だけど。俯いたら神田が贈ってくれた靴がわたしの視界に映る。

 そうだ、今日はクリスマスなんだ。クリスマスだから、ちょっと浮かれてパーティをしたっていい。クリスマスだから、おめかししたっていい。慣れない靴だって履いてもいい。ほんのすこし、いつもより素直になったっていい。

 でも、神田の優しさは、クリスマスだからじゃない。いつだって、なんだって、神田は優しいから、だから、5センチ神田に近付いたぶん、わたしの気持ちだって伝わる気がする。

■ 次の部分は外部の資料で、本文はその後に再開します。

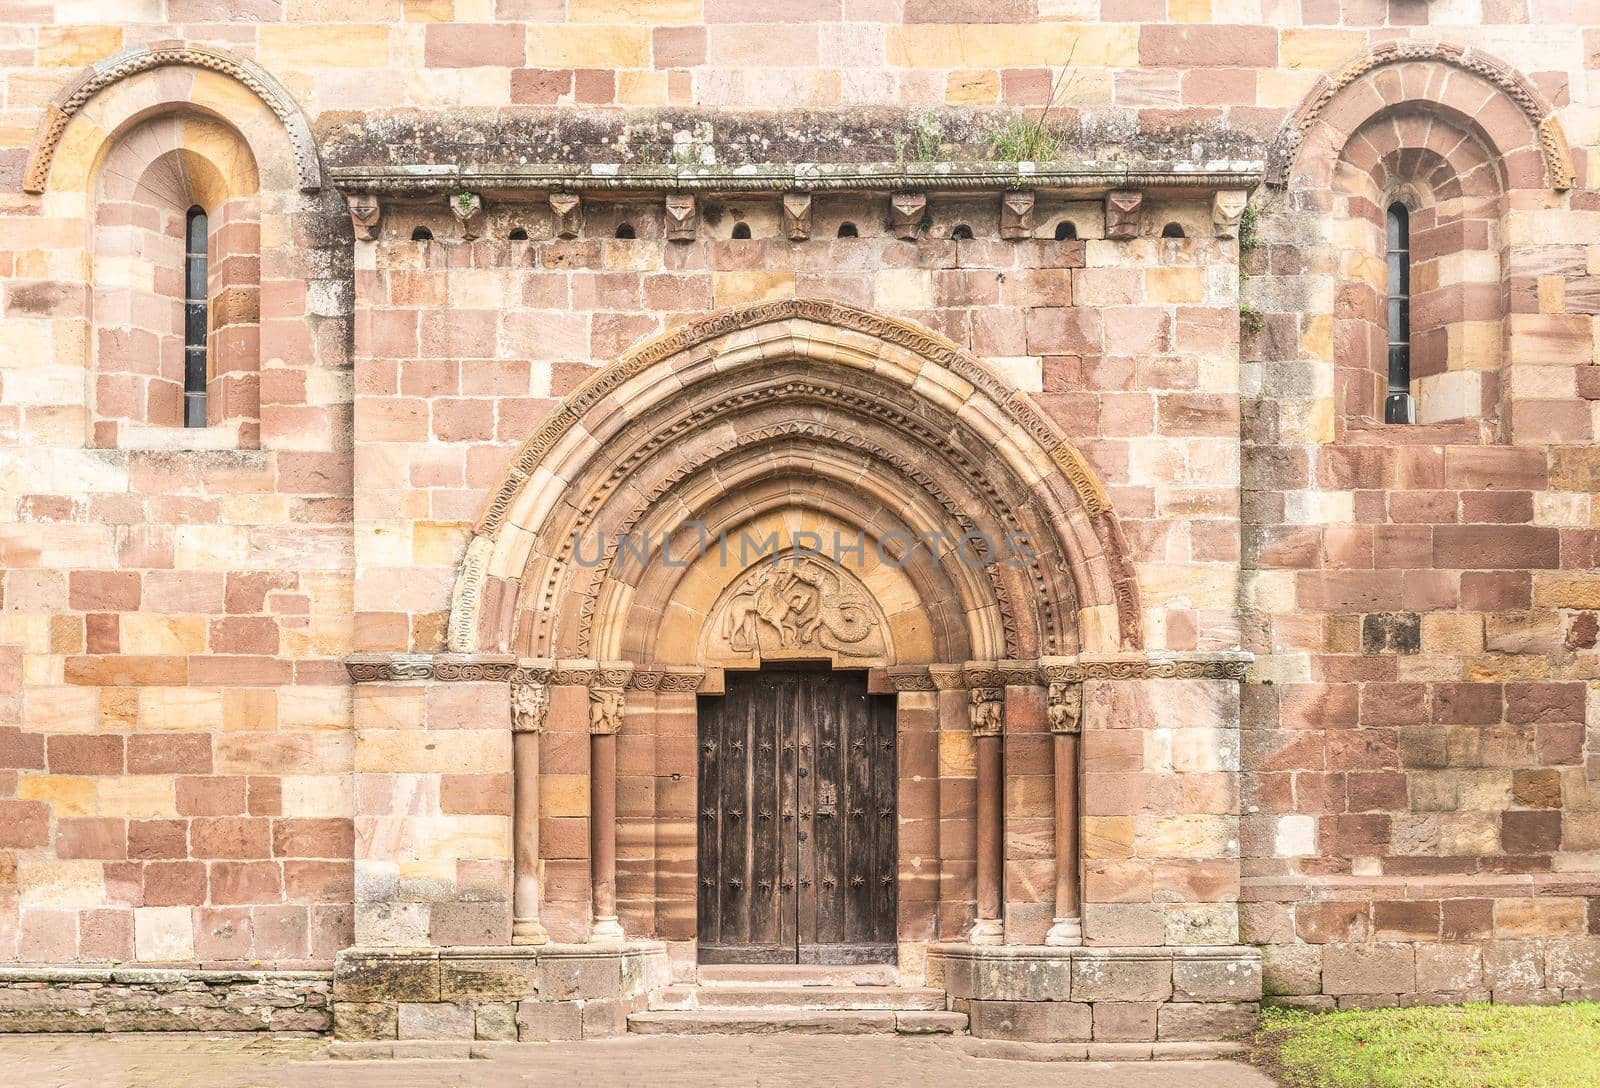 Exterior view of aged stone Romanesque church entrance with arched doorway and ornamental brick walls in Spain in Cantabria

「ほんとは、ほんとはずっと、神田を、誘いたくて。神田と、踊りたかったの。ほんとは、わたし、神田を誘おうと思ってて、でも、いつも言えなくて、わたし…だから…、神田じゃなきゃ、だめで。わたし、神田のことが、ずっと………」

 ああ、もう、どうにでもなっちゃえ。
神田が好き。
そこまで言うつもりはなかったけれど、言葉の続きはそれ以外なくて、なのに言いかけた時、腕が引かれて遮られてしまった。
そのまま今までとは逆方向に歩き出した神田に引っ張られる形で着いて行く。掴まれた腕の力がつよくて振り解くことも立ち止まることもできない。

「か、神田? どこ行くの?」
「俺の部屋」
「えっ?! な、なんで、でもパーティーが… !痛、」

 急に神田が足を止めたから、ドンと勢いよく背中にぶつかった。かと思うと、掴まれた腕がぐっと持ち上がり、わたしが背伸びをする形で、背を曲げた神田との顔の距離が近付く。瞳の中の光がわたしを捉えて逸らさせない。

「……パーティなんざ俺とお前で充分だろ」

 返事をする間もなく、指先を掴まれなおして、また神田は歩き出した。ダンスの練習もフリルが翻るドレスも巻かれた髪も贈られた靴も、全部今日のためなのに、神田のものになってしまう。そんな予感が、わたしの鼓動をどんどん速めてゆく。

 クリスマスの夜はまだ、始まったばかりなのだ。